Implicit Nominal Anchors • Advantages • Forward looking and pre-emptive • Uses multiple sources of information to make decisions • Forward-looking policy helps to overcome time-inconsistency problem • Has a proven track record of success in the U.S. • Disadvantages • Lack of transparency and accountability • Depends on the abilities and trustworthiness of the people making monetary policy policymakers change! • Undemocratic?
Choosing a Policy Instrument • In conducting monetary policy, the central bank has several policy instruments through which it hopes to achieve its policy goal • In many cases, it uses to policy instrument to achieve an intermediate target which is related to the policy goal. • Ex: The Fed wants to achieve an inflation rate of 3% (policy goal), so it targets the growth rate in M1 (intermediate target) to be 2%. To get this M1 growth rate, the Fed changes Non-Borrowed Reserves (the policy instrument) through Open Market Operations. • The two most commonly used policy instruments are monetary aggregates like NBR and interest rates like the federal funds rate. • The central bank can directly control one of these instruments, but not both simultaneously.
Using NBR as a Policy Instrument cedes Control over the Federal Funds Rate
Using the Federal Funds Rate as a Policy Instrument cedes control over NBR
Choosing a Policy Instrument • The Policy Instrument should be Observable and Measurable • Quick observation and measurement are necessary to signal the central bank’s policy stance • NBR take up to two weeks to report compared to iff, which is available immediately (though rff is subject to expected inflation) • It should be Controllable • The ability of the central bank to conduct policy rests on its ability to change the policy instrument • It should produce Predictable Outcomes • If the policy instrument is changed, how accurately can we predict its effect on the policy goal?

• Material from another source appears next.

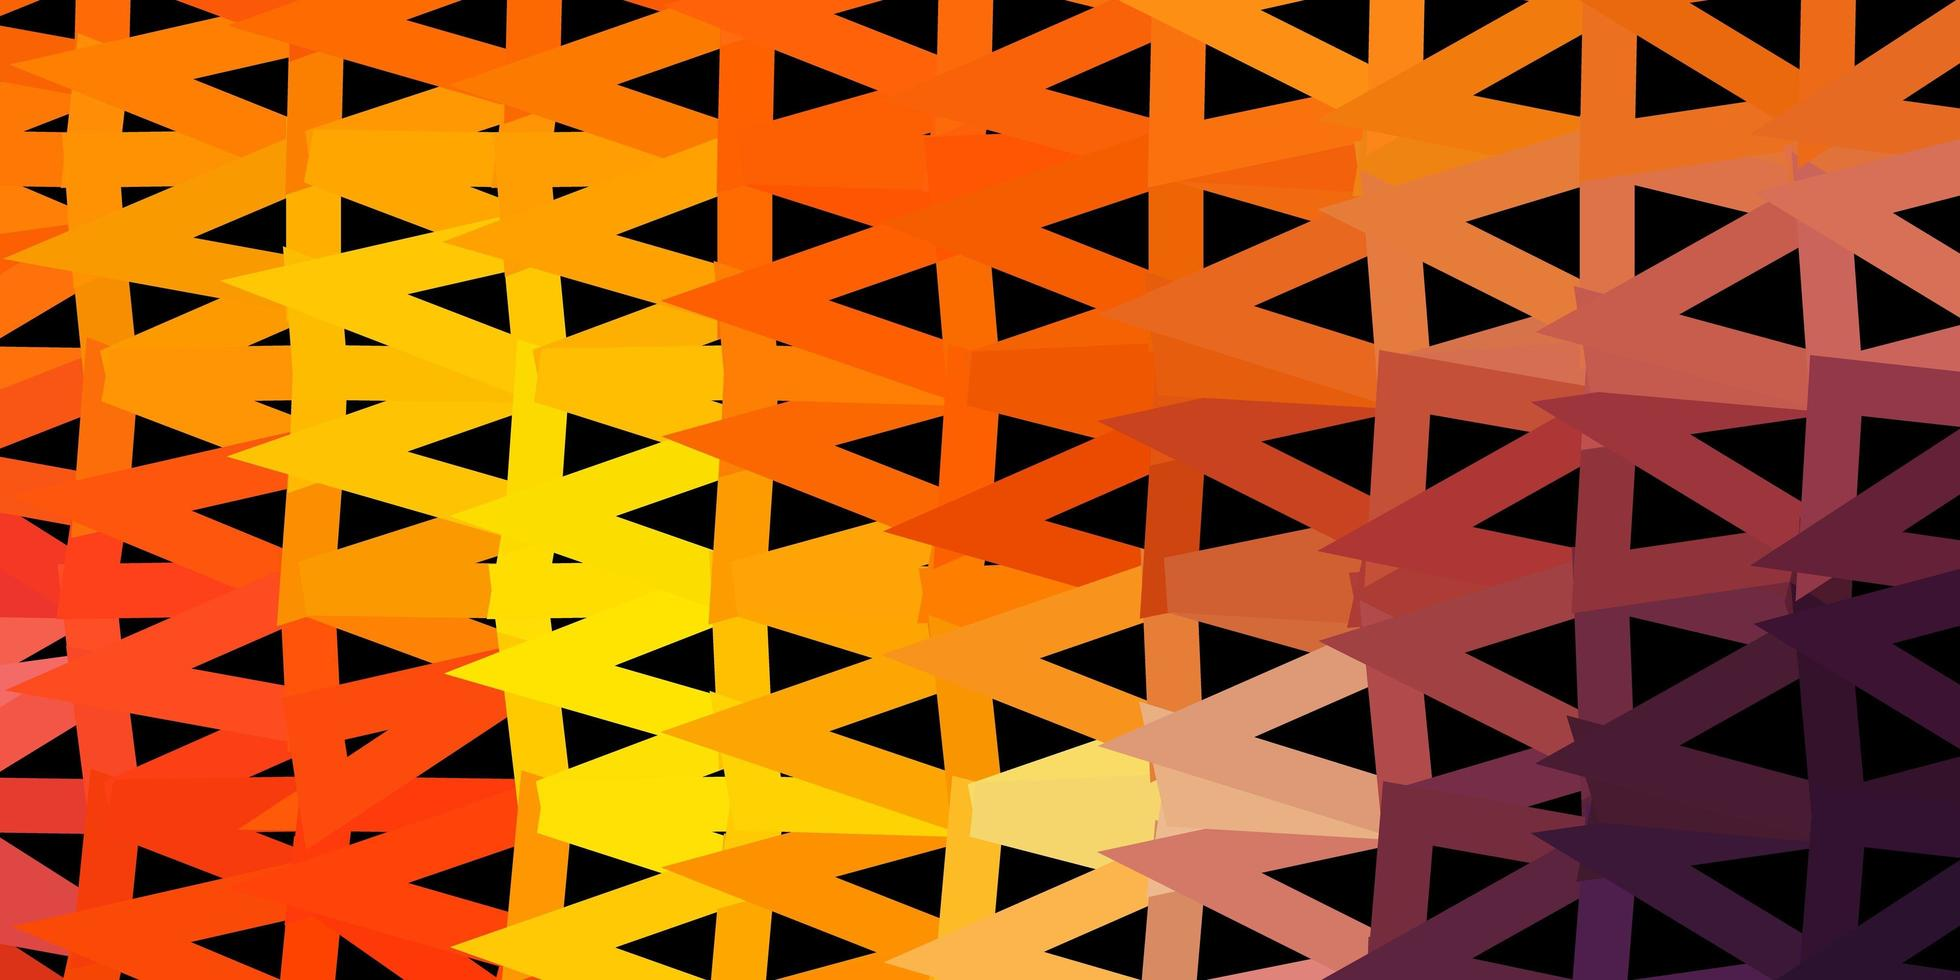 fundo poligonal do vetor rosa claro, amarelo.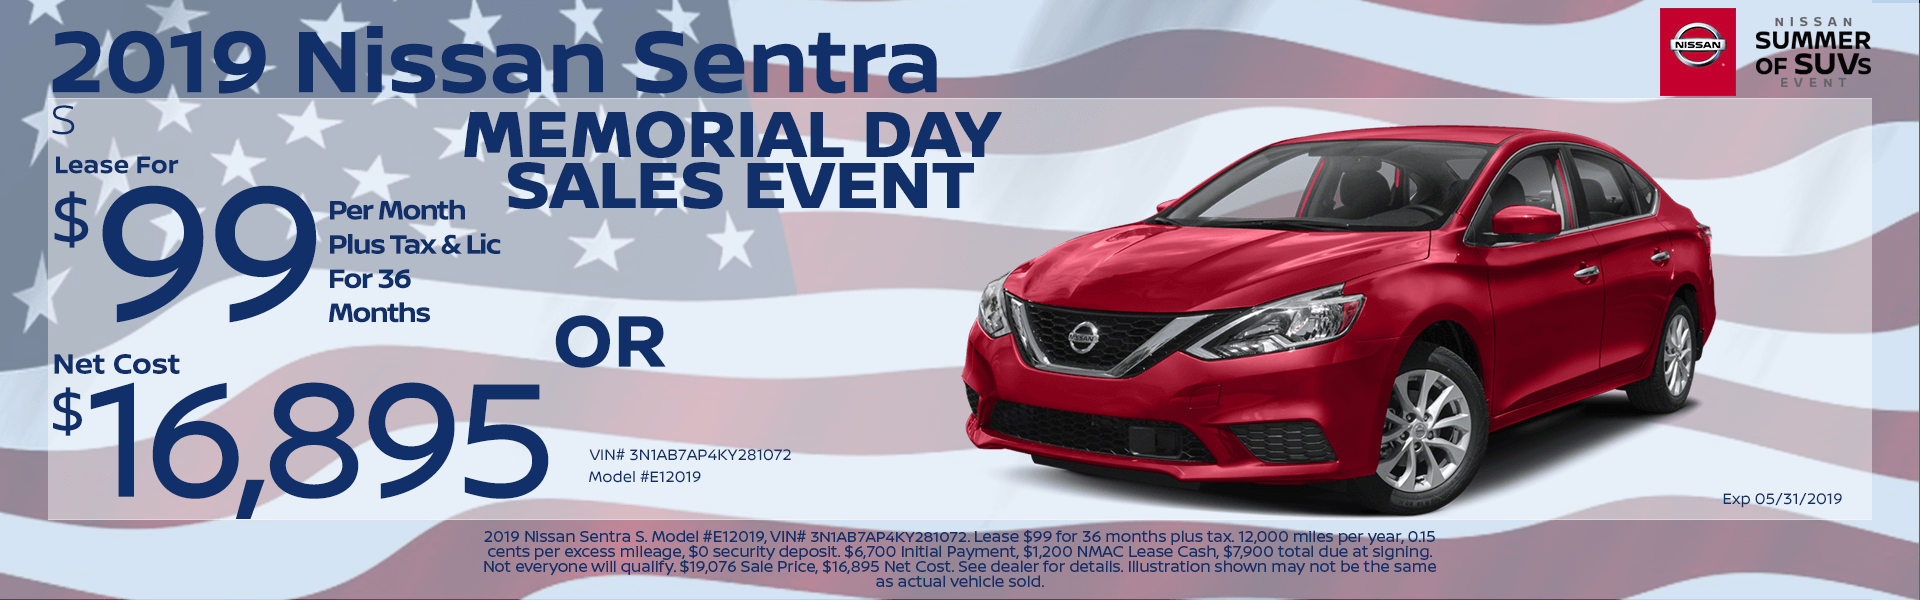 2019 Nissan Sentra Special

The Taylor Rule • So how should the Fed behave? • Most economists argue that the Fed should have a policy goal of long run price stability • If credible, a dual mandate allows the Fed to moderate short run output fluctuations • The policy instrument should be the Federal Funds rate • The economist John Taylor devised a “rule” for the Fed to follow that tracks the above recommendation: • iff* = π + rff* + α*(π-π*) + β*(y-y*) • The Fed should set the federal funds rate based on the current rate of inflation, the equilibrium real federal funds rate (that which would exist at full employment), and a weighted average of the inflation gap (the difference between current and desired inflation) and the output gap (the percentage difference between actual and full employment output).